Una volta campava in un paese un padre, che aveva due figli: uno era buono di cuore e bello di faccia; l'altro era birbante e sfaticato. Il padre diceva sempre che si dovevano voler bene a vicenda, ma il cattivo invidiava il buono.

Quando morì il padre, il figlio onesto si mise a lavorare ed acquistò un'agiata posizione; l'altro, che era vizioso e poltrone, diventò pezzente, e pretendeva sempre quattrini dal fratello. Un giorno andò in campagna alla di lui casina e gli chiese altri denari. Vennero a rissa violenta, e il birbante, uccise il buono e se ne fuggì.

Quando il giorno dopo andarono i guardiani alla casina, trovarono il cadavere dell'ucciso; dopo essersi recati al paese a dar conto alla giustizia, lo misero nella cassa mortuaria, e la portarono al cimitero. Per sapere chi fosse stato l'uccisore domandarono a tanta gente, ma nessuno seppe dir nulla.

Una notte, mentre alcuni contadini si recavano in campagna, passando vicino alla casina, dove era stato commesso l'omicidio, videro uno spirito che si agitava nei dintorni, e sentirono un bisbiglio. Prima ebbero paura, perché credettero che fosse il demonio; ma poi si fecero coraggio e andarono a vedere chi fosse.

Quando furono vicini, notarono un grifone, che diceva con voce lamentosa:

Per l'amore dell'uccello grifone,
Mio fratello è stato il traditore.

A sentire queste parole provarono spavento: si fecero il segno della santa croce, e se ne andarono.

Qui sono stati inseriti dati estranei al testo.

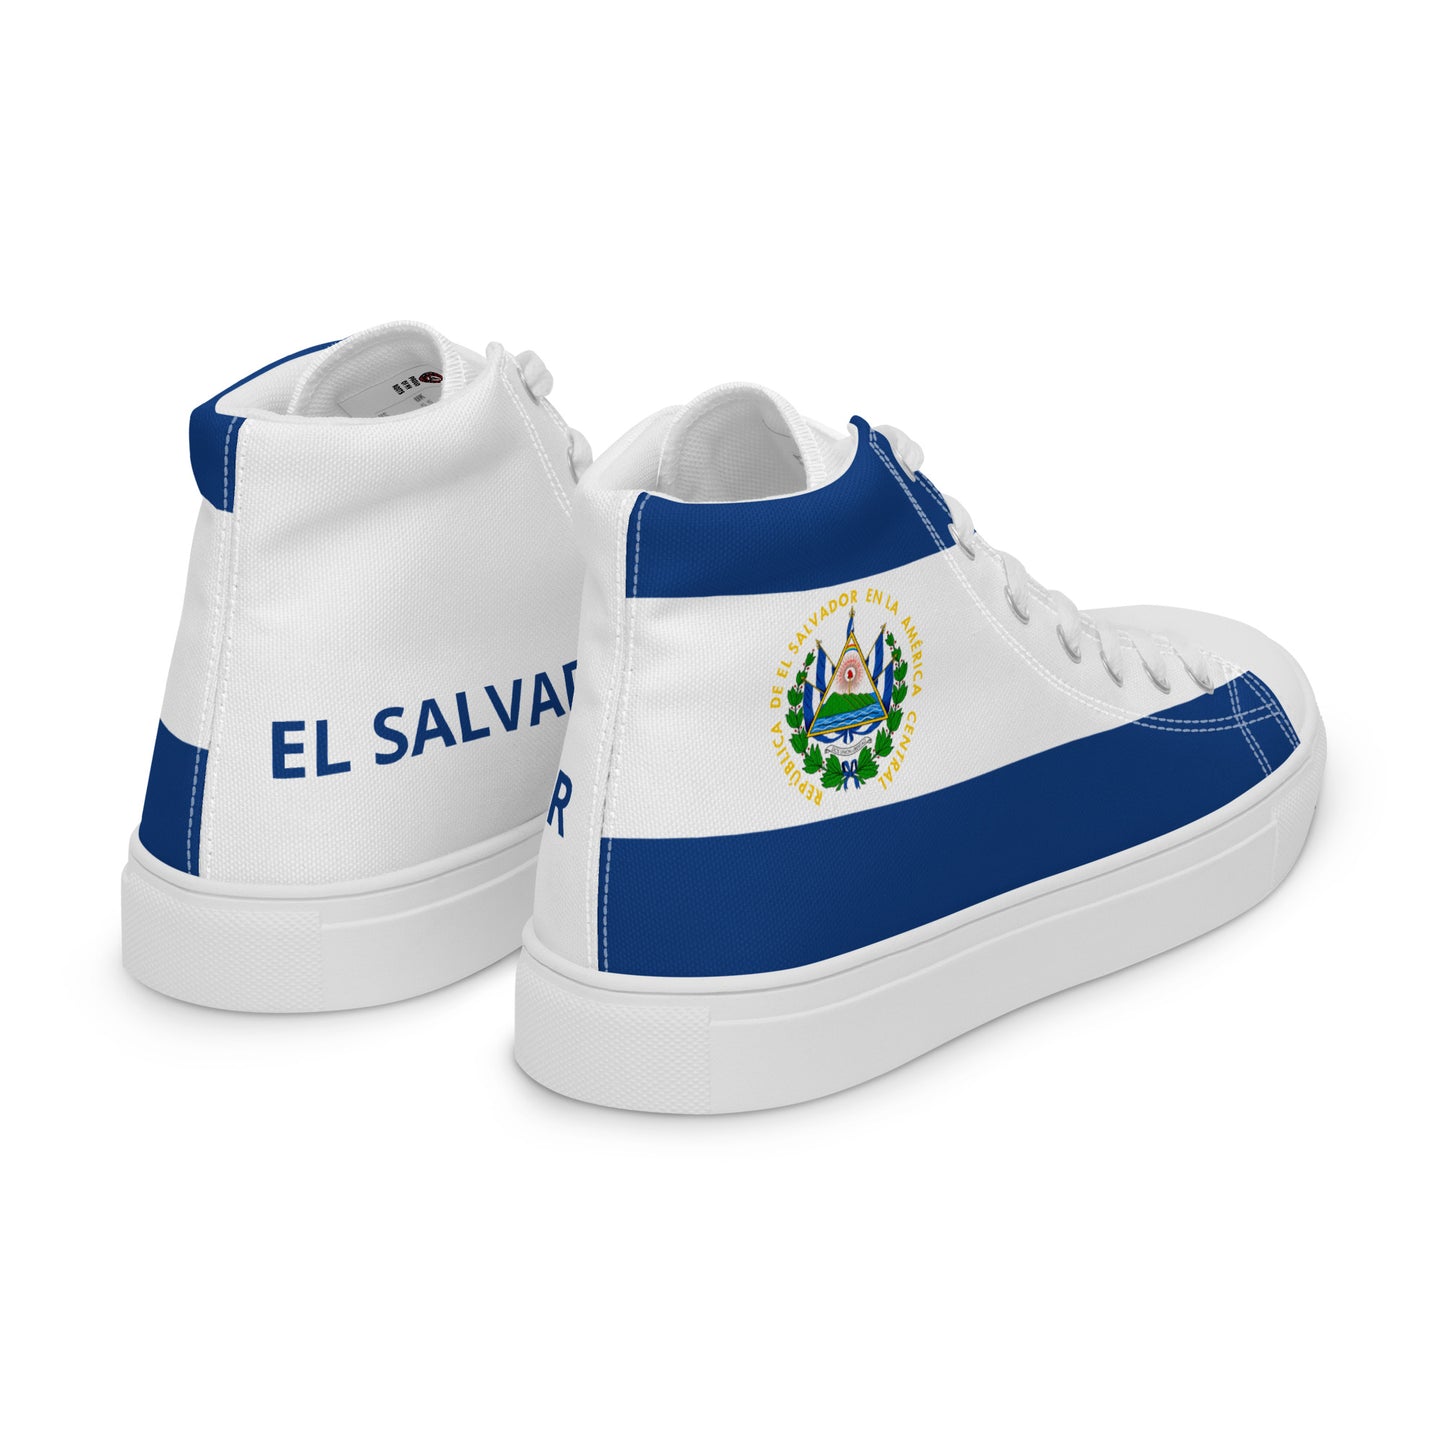 El Salvador - Women - Bandera - High top shoes

La sera dopo, mentre passavano, intesero di nuovo le stesse parole; allora capirono che quel grifone era l'anima del giovane ucciso, il quale voleva vendetta, e si persuasero che il traditore, che l'aveva ammazzato, era proprio il fratello.

Si presentarono al giudice, e gli narrarono il fatto.

I carabinieri arrestarono il birbante, che prima negò la colpa, poi stretto dalle domande del giudice, s'indusse a confessare il misfatto .

Si discusse la causa e l'assassino fu condannato al carcere a vita. Egli credeva di non essere colpito dalla giustizia, perché nessuno lo aveva visto quando aveva commesso il fratricidio; ma Dio, che è grande e giusto, lo fece denunciare dall'uccello grifone.